Each line of the data below goes into the copy exactly; pictures do not.

▸ **SUPPLIED INFORMATION**:
++++++++
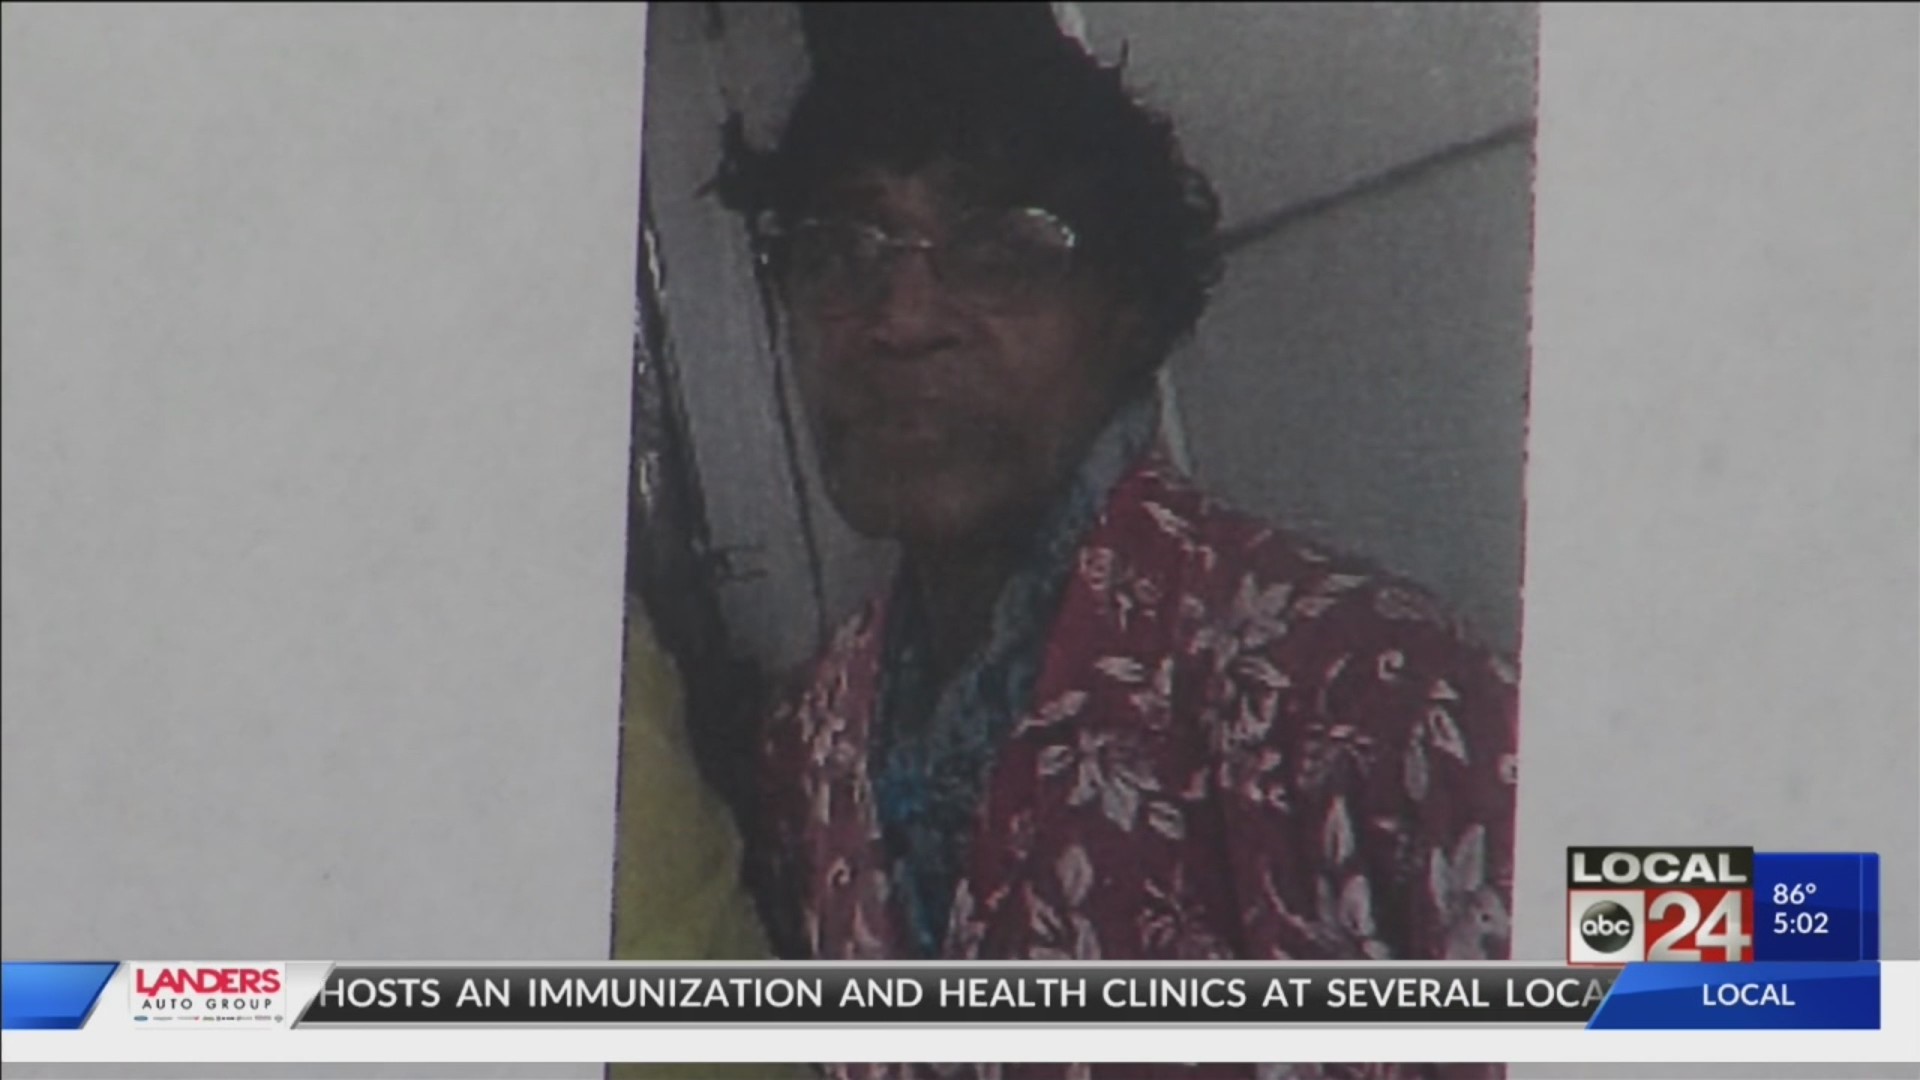 Reward increased to $15,000 for 85-year-old Pandora Duckett, missing since January
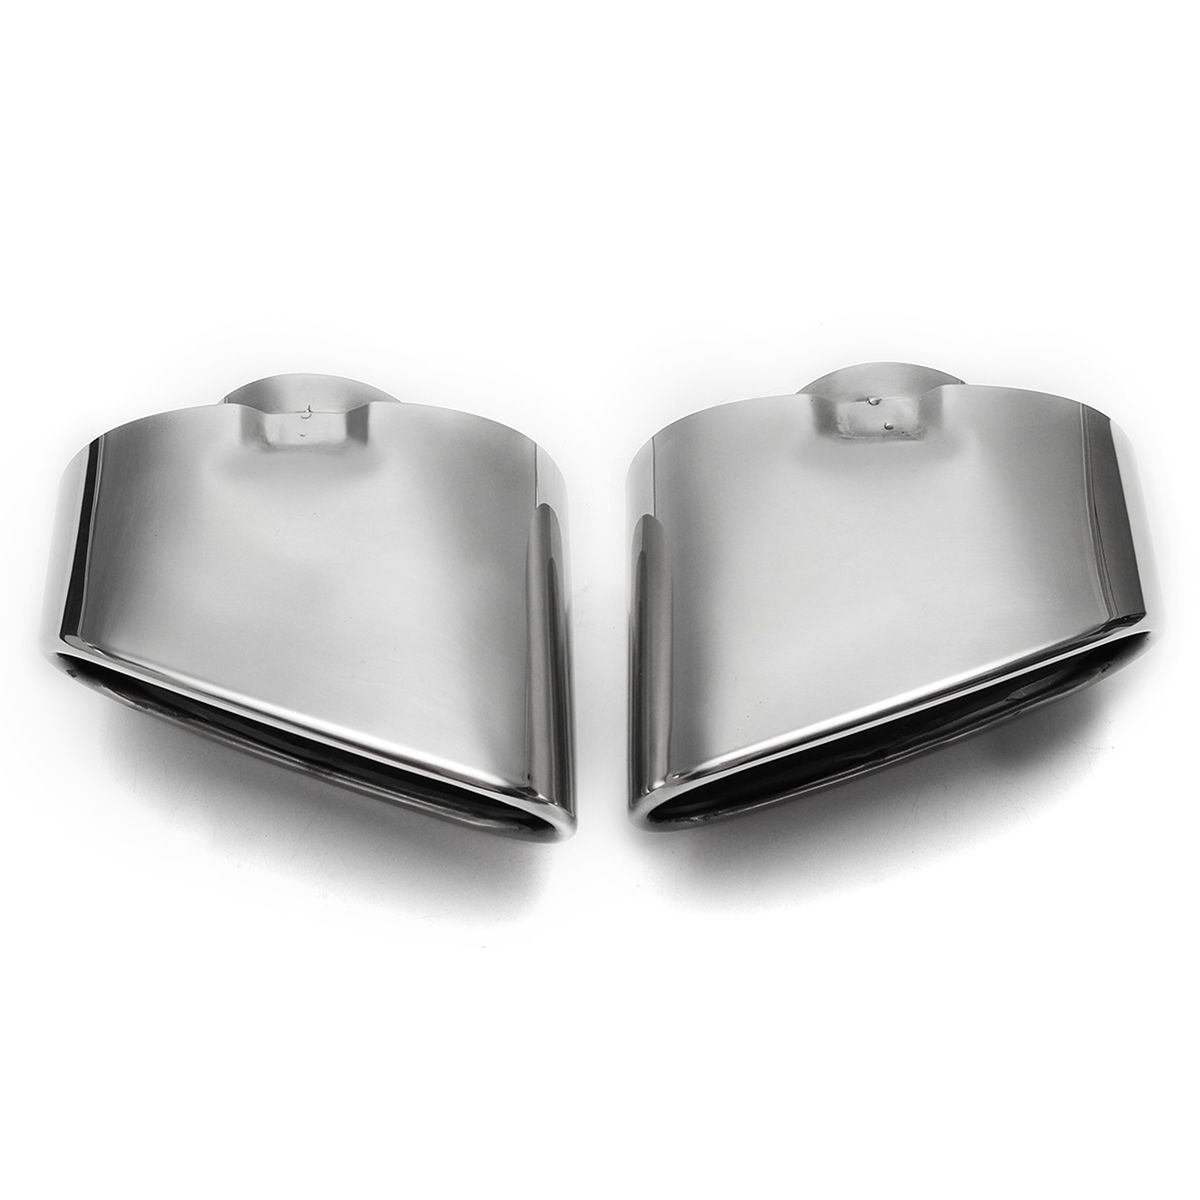 Pair-Chrome-Exhaust-Dual-Tailpipe-Muffler-Tip-Stainless-Steel-For-Bmw-1168595
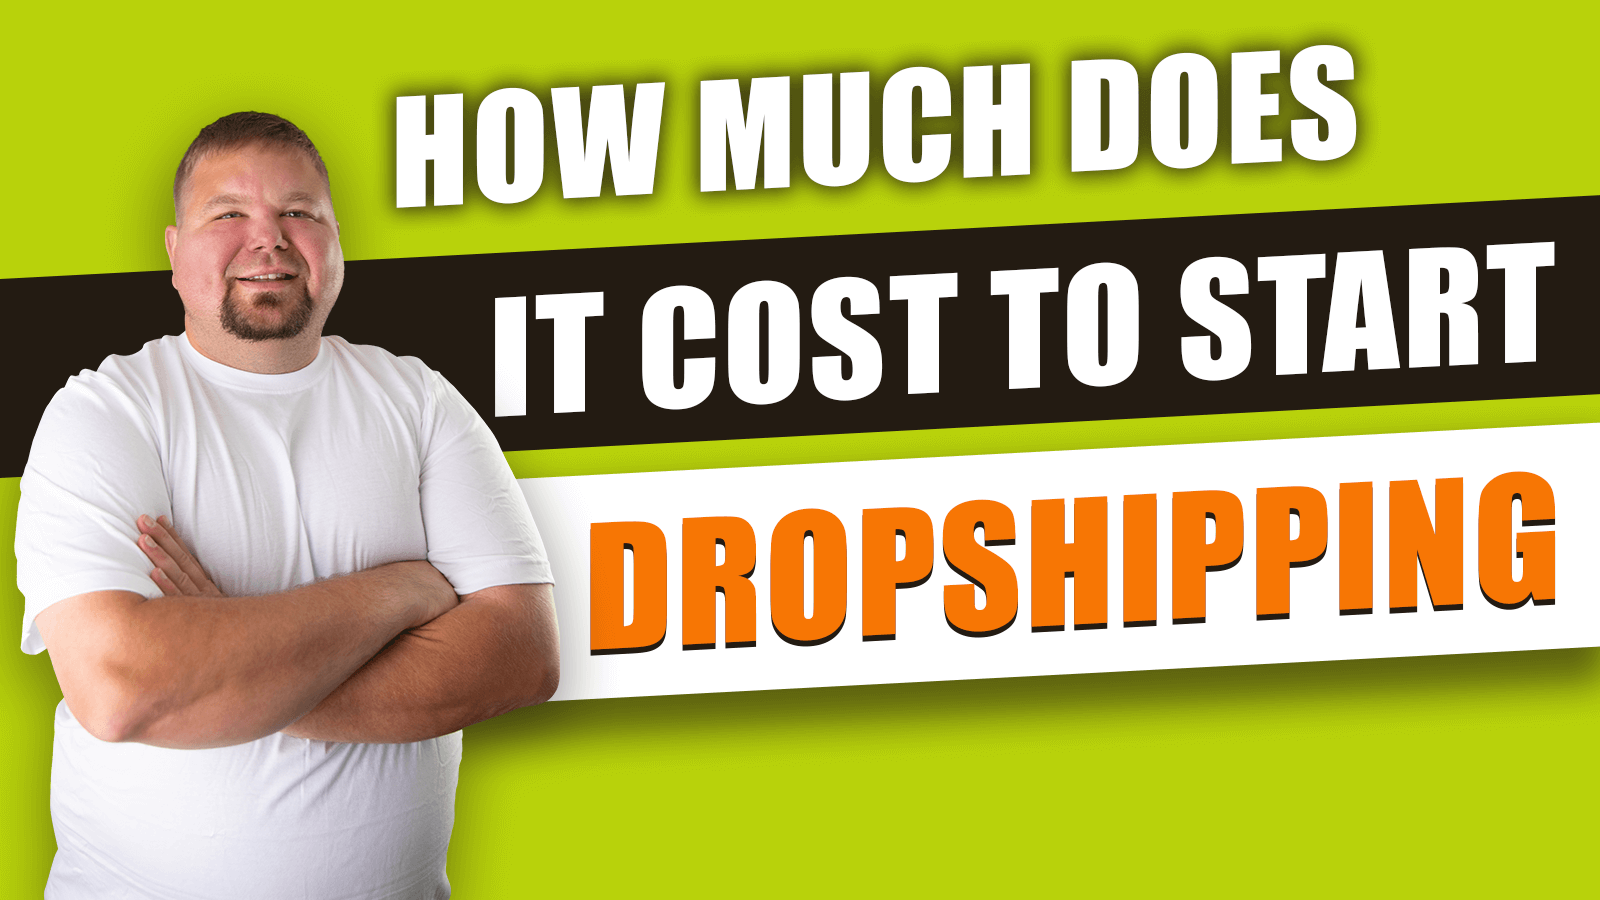 How Much Does it Cost to Start Dropshipping
++++++++
▸ **WRITTEN ANSWER**:
 Reward increased to $15,000 for 85-year-old Pandora Duckett, missing since January
 Pair-Chrome-Exhaust-Dual-Tailpipe-Muffler-Tip-Stainless-Steel-For-Bmw-1168595
 How Much Does it Cost to Start Dropshipping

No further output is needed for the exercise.